We all know the national realities these decisions are happening under: a right-wing Supreme Court that struck down nearly fifty years of precedent when they ended Roe vs Wade; extreme politicians in various states threatening to jail women and doctors who seek to terminate pregnancies even when carrying lethal fetal diagnosis, or who have suffered rape and incest. Every month is a new assault on our rights — new proposed abortion bans at 15 weeks, or 6 weeks, or 15 days. Restrictions on telemedicine.
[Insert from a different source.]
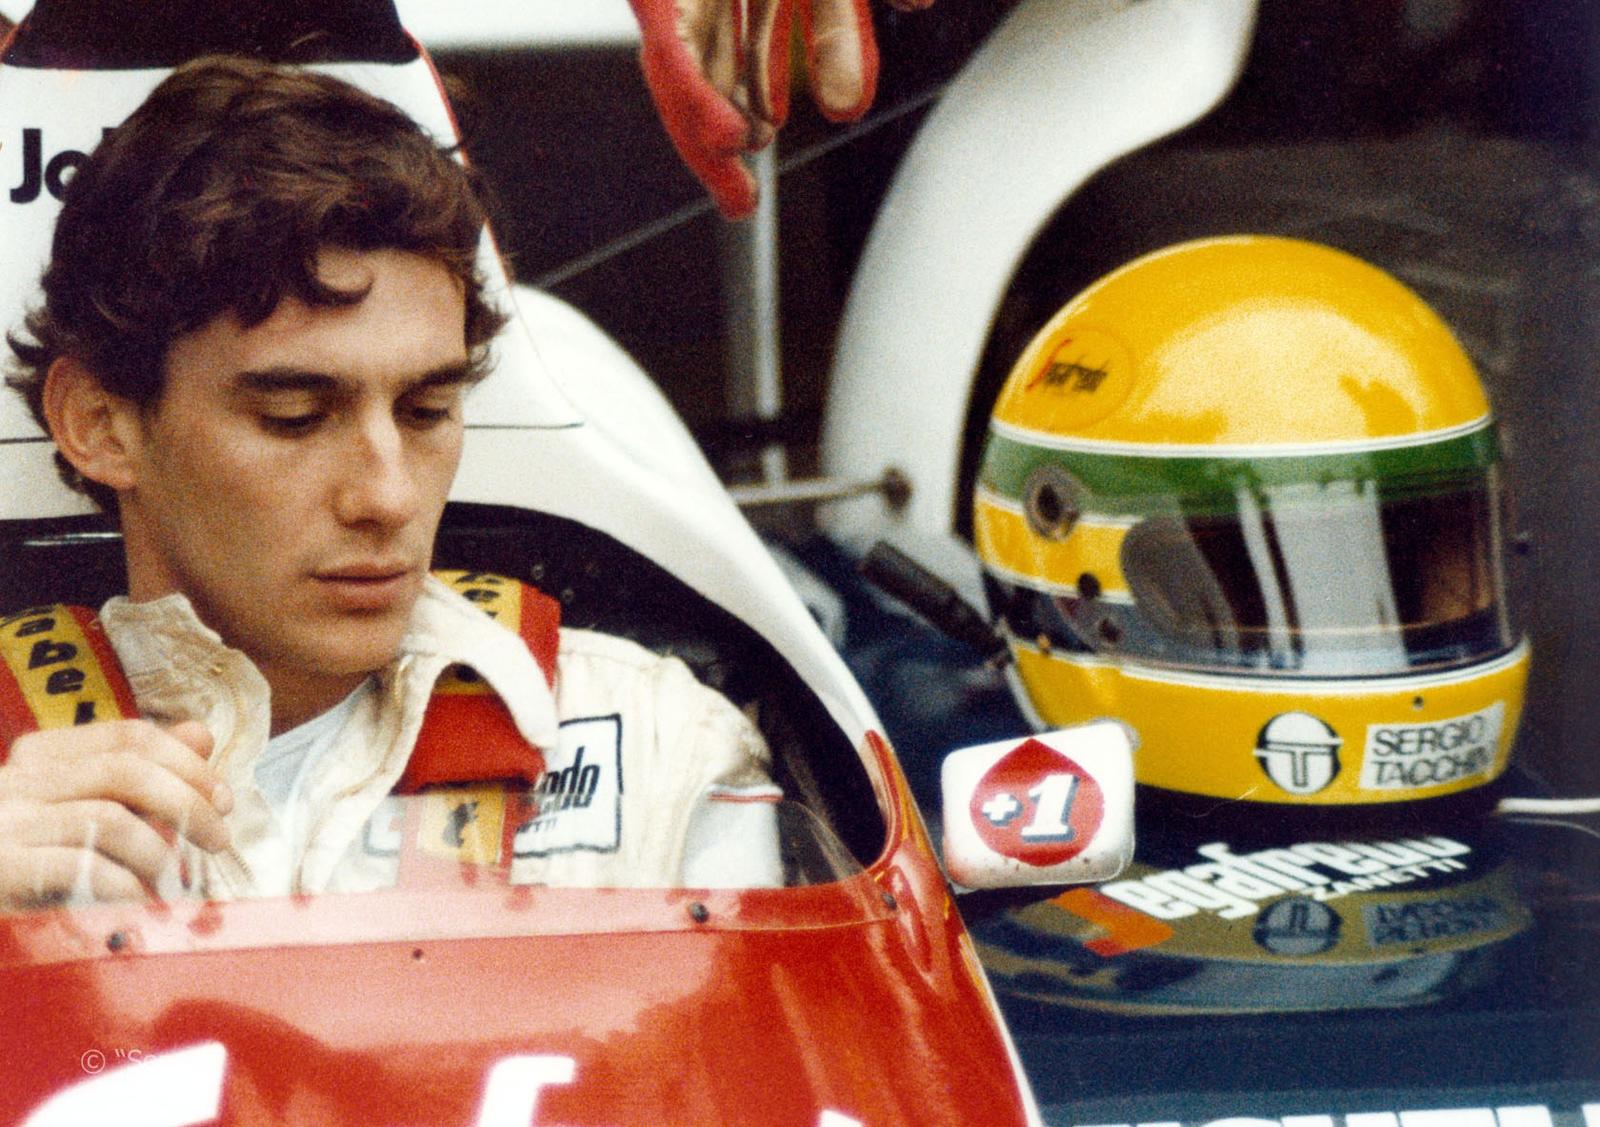 A Primeira Corrida De Ayrton Senna Na F1 Foi Há 33 Anos

Attacks against birth control and contraception itself.

The headlines are horrifying, but this fight isn’t about extreme examples. It’s about the fact that every one of us controls our own body, not the government. And today, there are no state or federal laws that actually protect abortion rights in New Hampshire. We need both.

My step-mom served as the executive director of a Planned Parenthood health center for thirty years in the state of Kentucky. Her generation remembers the time before Roe, and sadly, our generation is having to learn it today in painful detail.

But there is hope. Even in dark red states like Kentucky and Ohio, voters in 2023 took the issue into their own hands and voted resoundingly to support abortion rights. Here in deep purple, and overwhelmingly pro-choice New Hampshire, shouldn’t we do the same in 2024?